Except schema.org doesn’t.
schema.org has its own term for name, family name and given name which I chose not to use at least partly out of long term loyalty to Dan. But should that affect me? Or you? Is it time to put emotional attachments aside and move on from some of the old vocabularies and at least consider putting more effort into creating a single big vocabulary that covers most things with specialised vocabularies to handle the long tail?
As the question in the title of his post implies, should we move on and start adopting, where applicable, terms from the large and extending Schema.org vocabulary when modelling and publishing our data. Or should we stick with the current collection of terms from suitable smaller vocabularies.
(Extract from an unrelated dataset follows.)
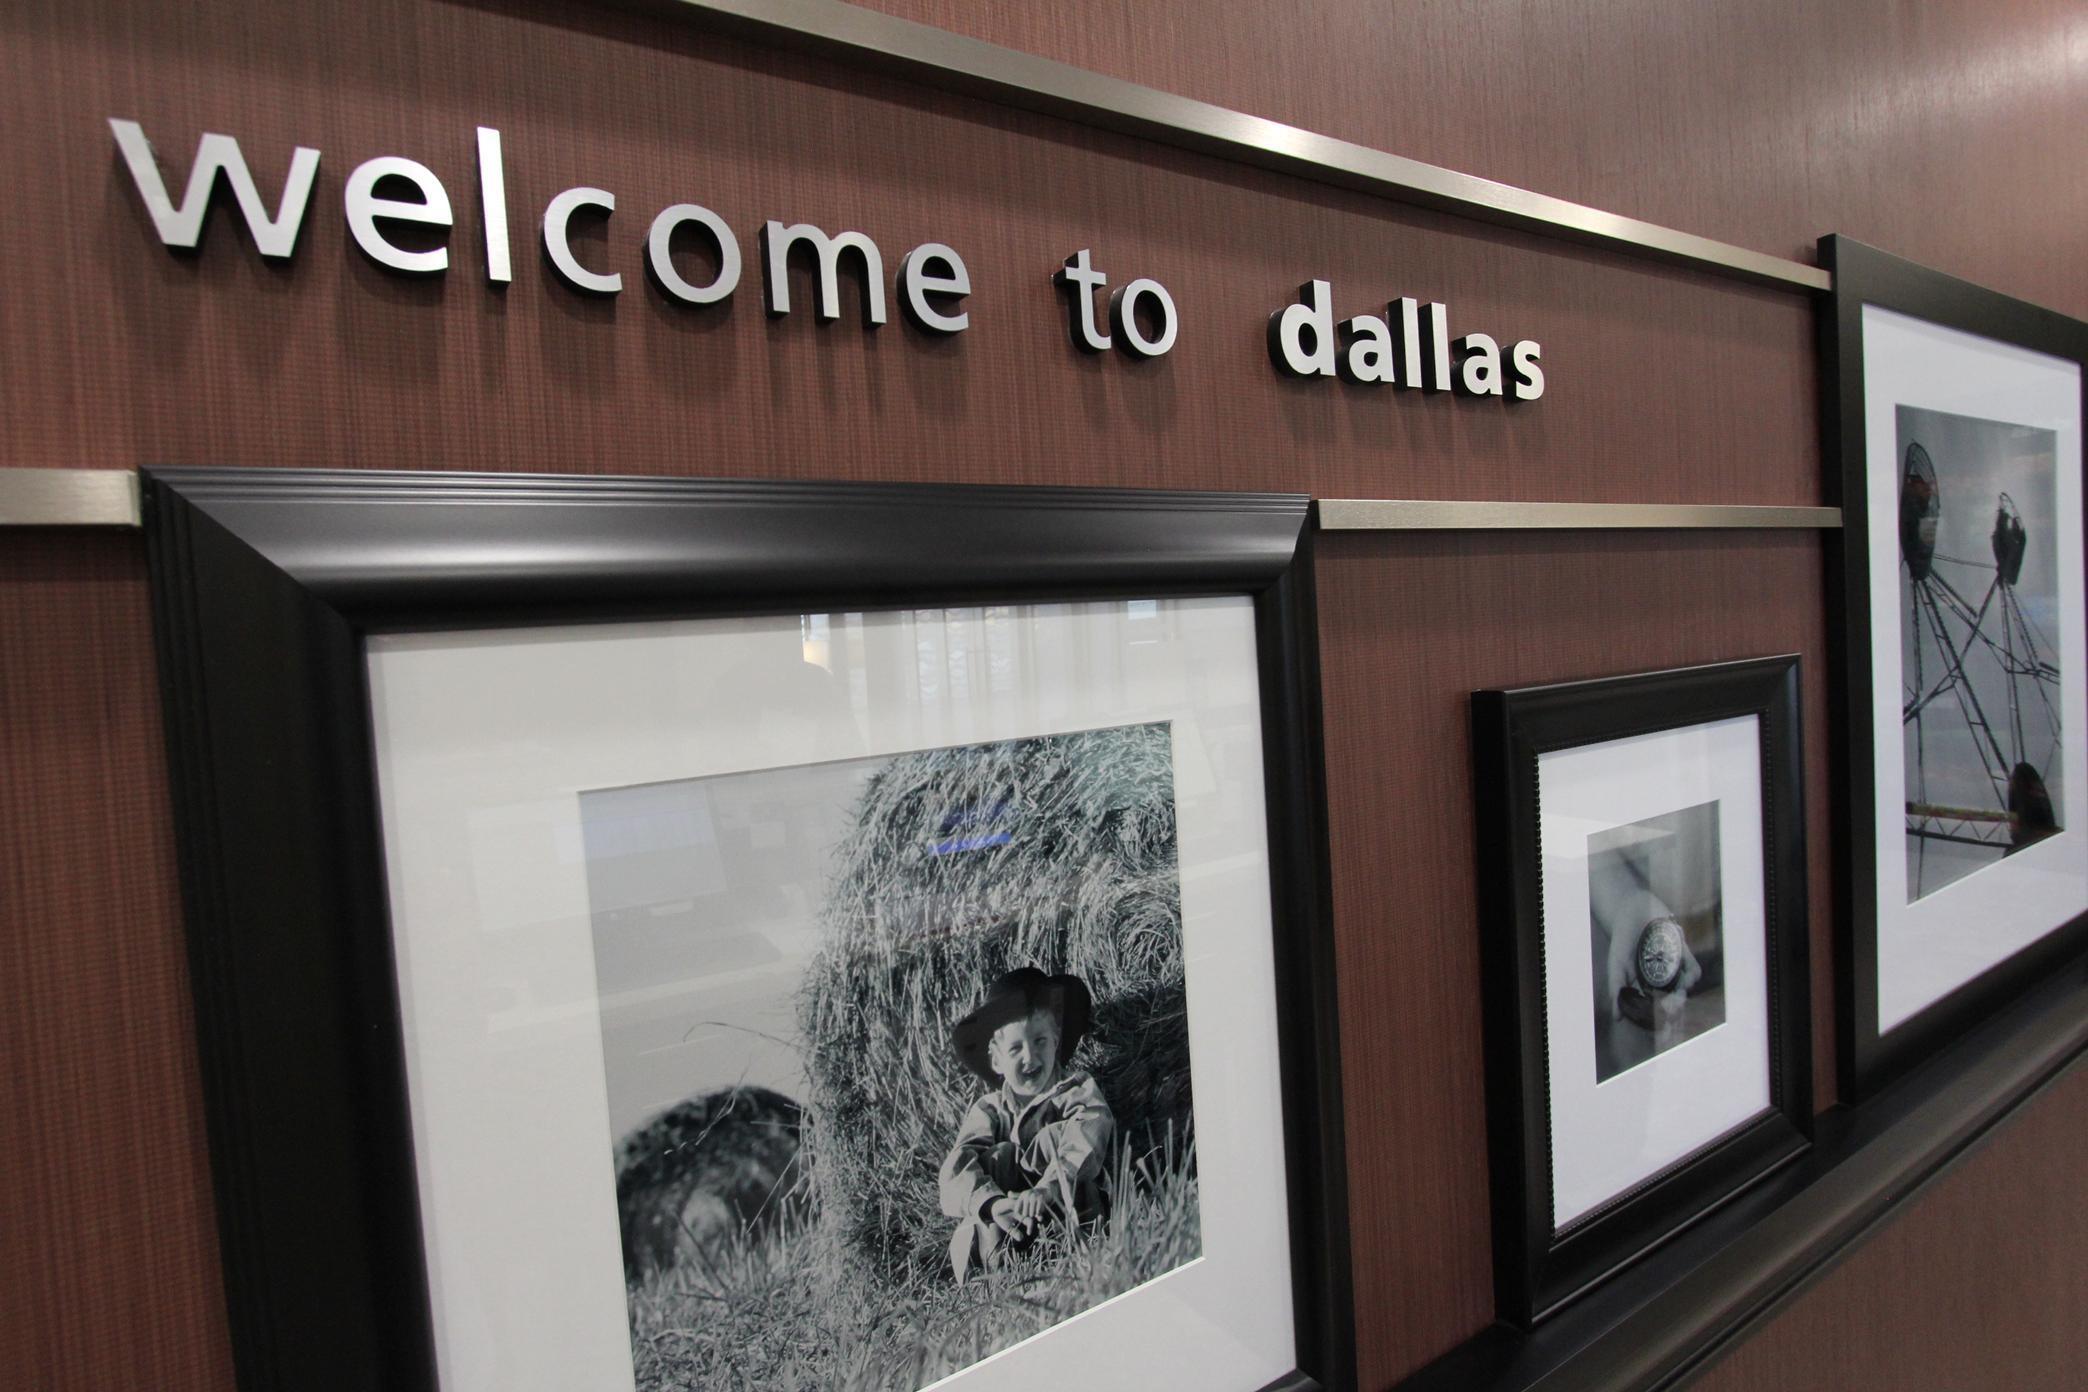 Hampton Inn & Suites Dallas Market Center

One of the common issues when people first get to grips with creating Linked Data is what terms from which vocabularies do I use for my data, and where do I find out. I have watched the frown skip across several people’s faces when you first tell them that foaf:nameis a good attribute to use for a person’s name in a data set that has nothing to do with friends or friends of friends. It is very similar to the one they give you when you suggest that it may also be good for something that isn’t even a person.
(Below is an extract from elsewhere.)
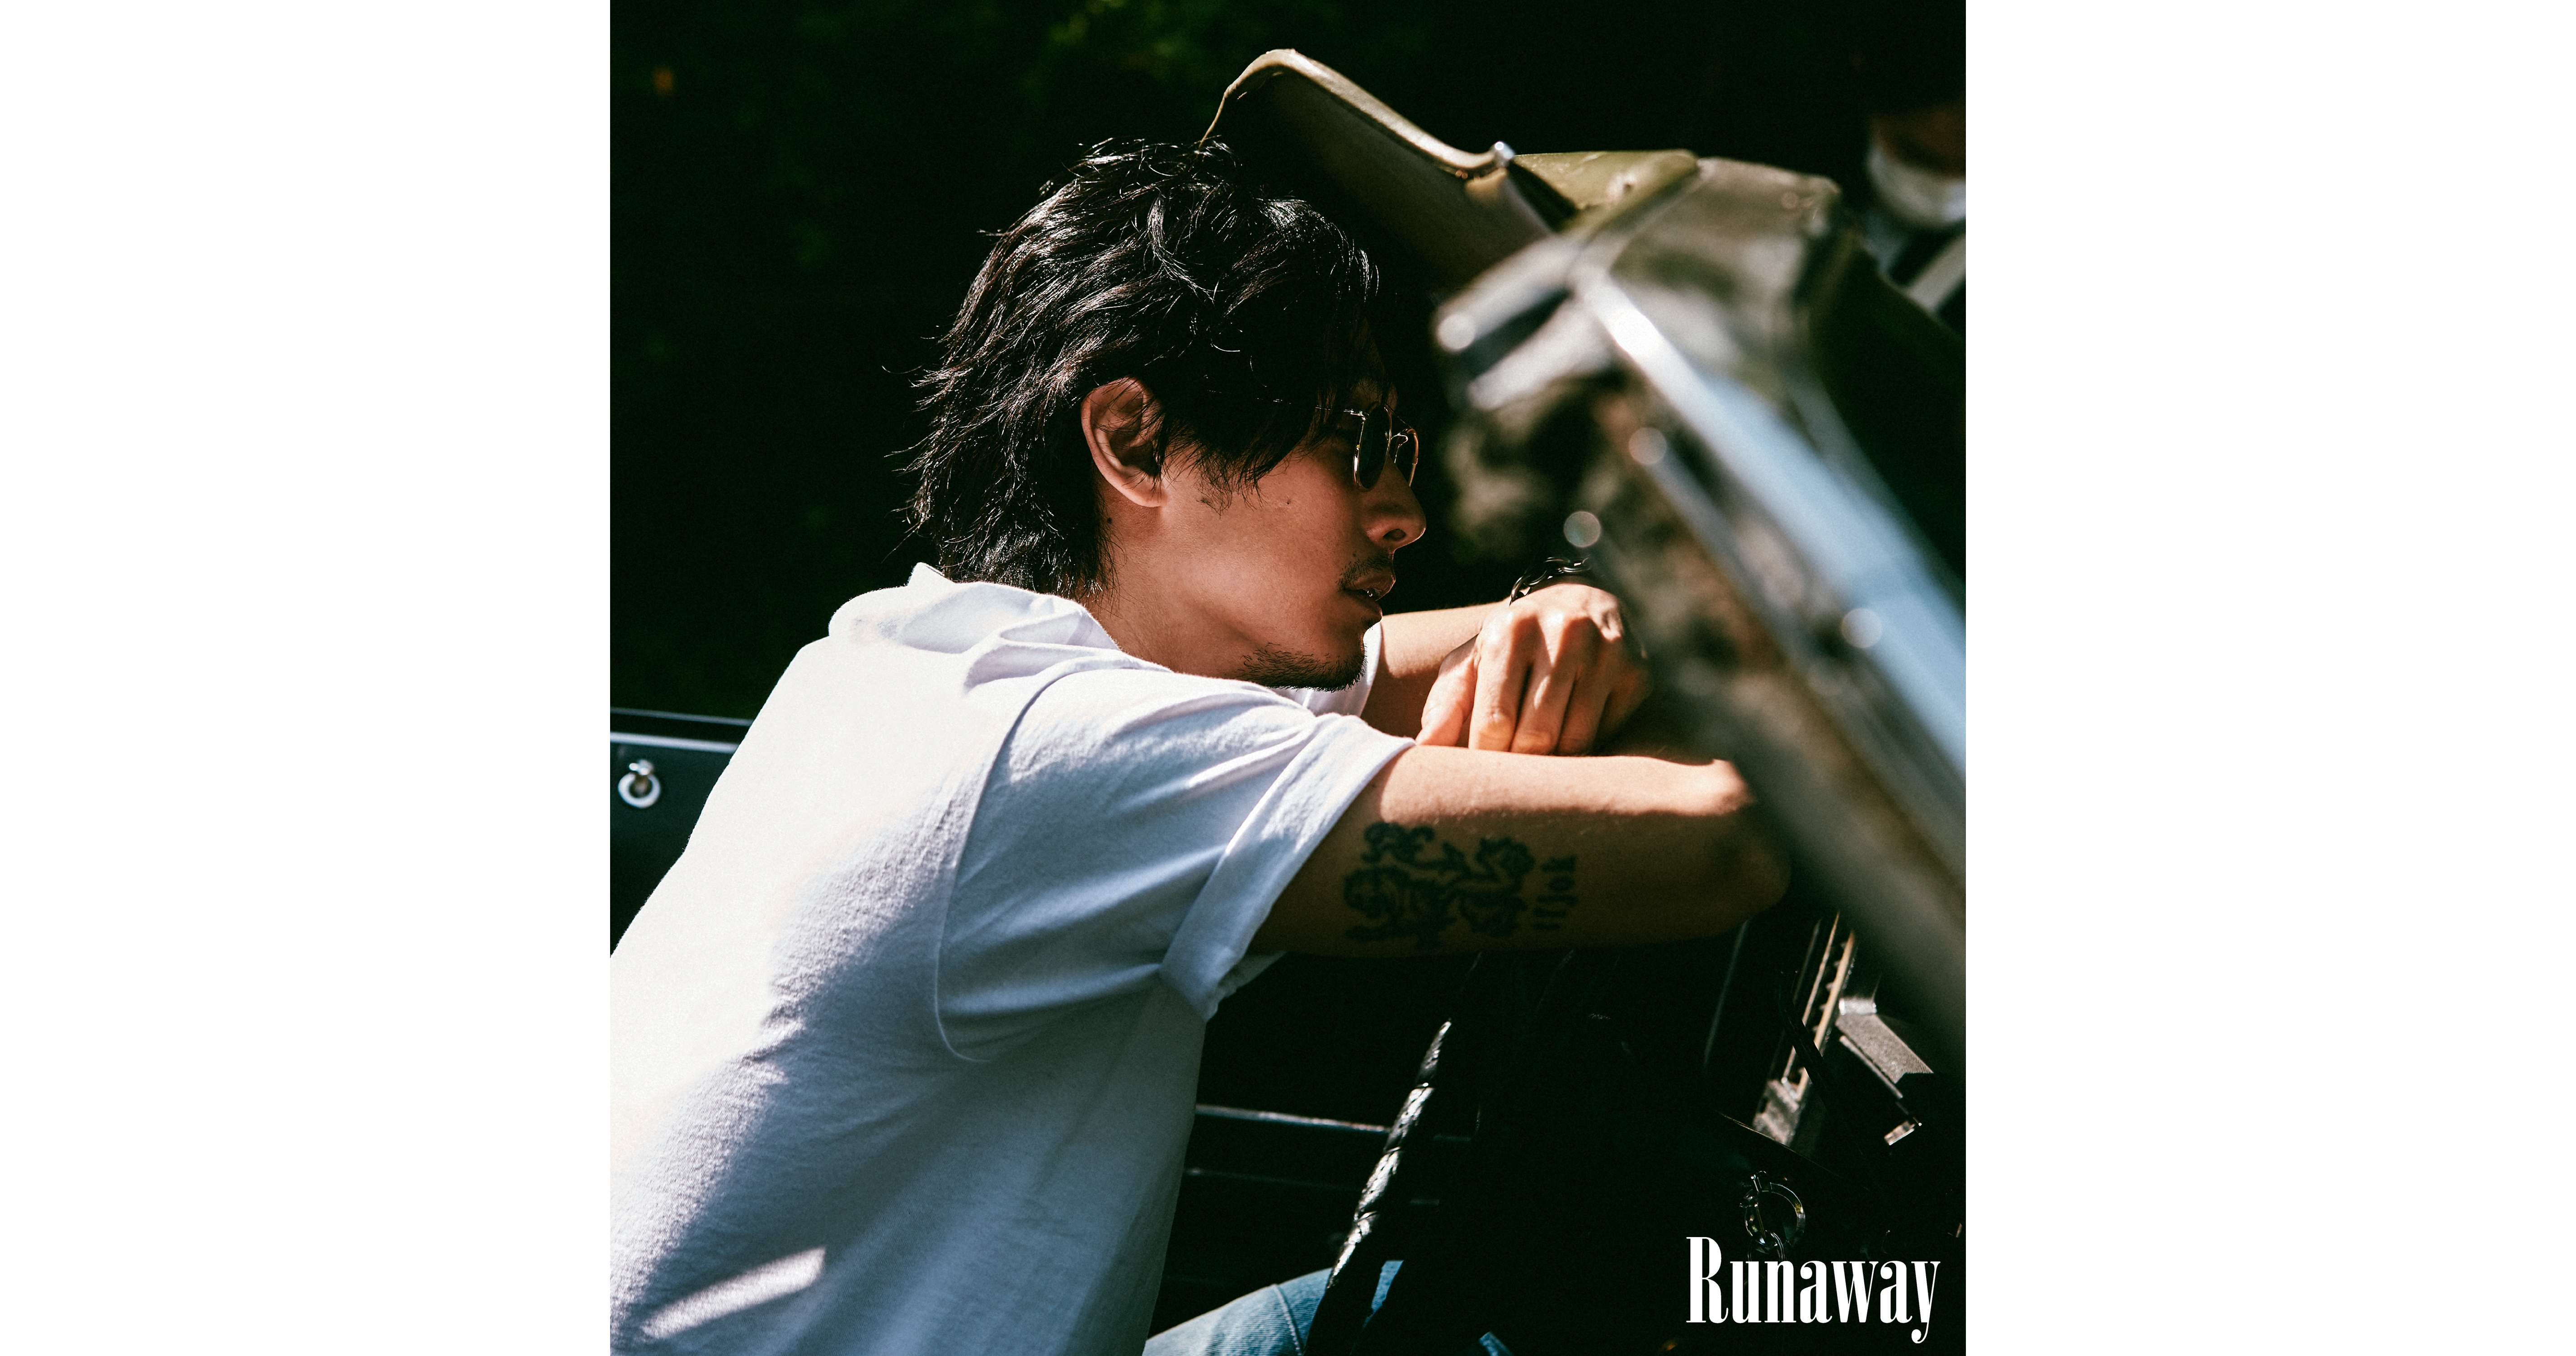 Dean_Runaway

As Schema.org grows and, enticed by the obvious SEO benefits in the form of Rich Snippets, becomes rapidly adopted by a community far greater than the Semantic Web and Linked Data communities, why would you not default to using terms in their vocabulary? Another former colleague, David Wood Tweeted No in answer to Phil’s question – I think this in retrospect may seem a King Canute style proclamation. If my predictions are correct, it won’t be too long before we are up to our ears in structured data on the web, most of it marked up using terms to be found at schema.org.
You may think that I am advocating the death, and replacement by Schema.org, of all the vocabularies well known, and obscure, in use today – far from it. When modelling your [Linked] data, start by using terms that have been used before, then build on terms more specific to your domain and finally you may have to create your own vocabulary/ontology. What I am saying is that as Schema.org becomes established, it’s growing collection of 300+ terms will become the obvious start point in that process.
OK a couple of interesting posts, but where is the similar message and connection? I see it as democracy of opinion. Not the democracy of the modern western political system, where we have a stand up shouting match every few years followed by a fairly stable period where the rules are enforced by one view. More the traditional, possibly romanticised, view of democracy where the majority leads the way but without disregarding the opinions of the few. Was it the French Enlightenment philosopher Voltaire who said: ”I may hate your views, but I am willing to lay down my life for your right to express them” – a bit extreme when discussing data and ontologies, but the spirit is right.
Once the majority of general data on the web becomes marked up as schema.org – it would be short sighted to ignore the gravitational force it will exert in the web of data if you want your data to be linked to and found. However, it will be incumbent on those behind Schema.org to maintain their ambition to deliver easy linking to more specialised vocabularies via their extension points. This way the ‘how’ of data publishing should become simpler, more widespread, and extensible. On the ‘what’ side of the the [structured] data publishing equation, the Wikidata team has an equal responsible to not only publish the majority definition of facts, but also clearly reflect the views of minorities – not a simple balancing act as often those with the more extreme views have the loudest voices.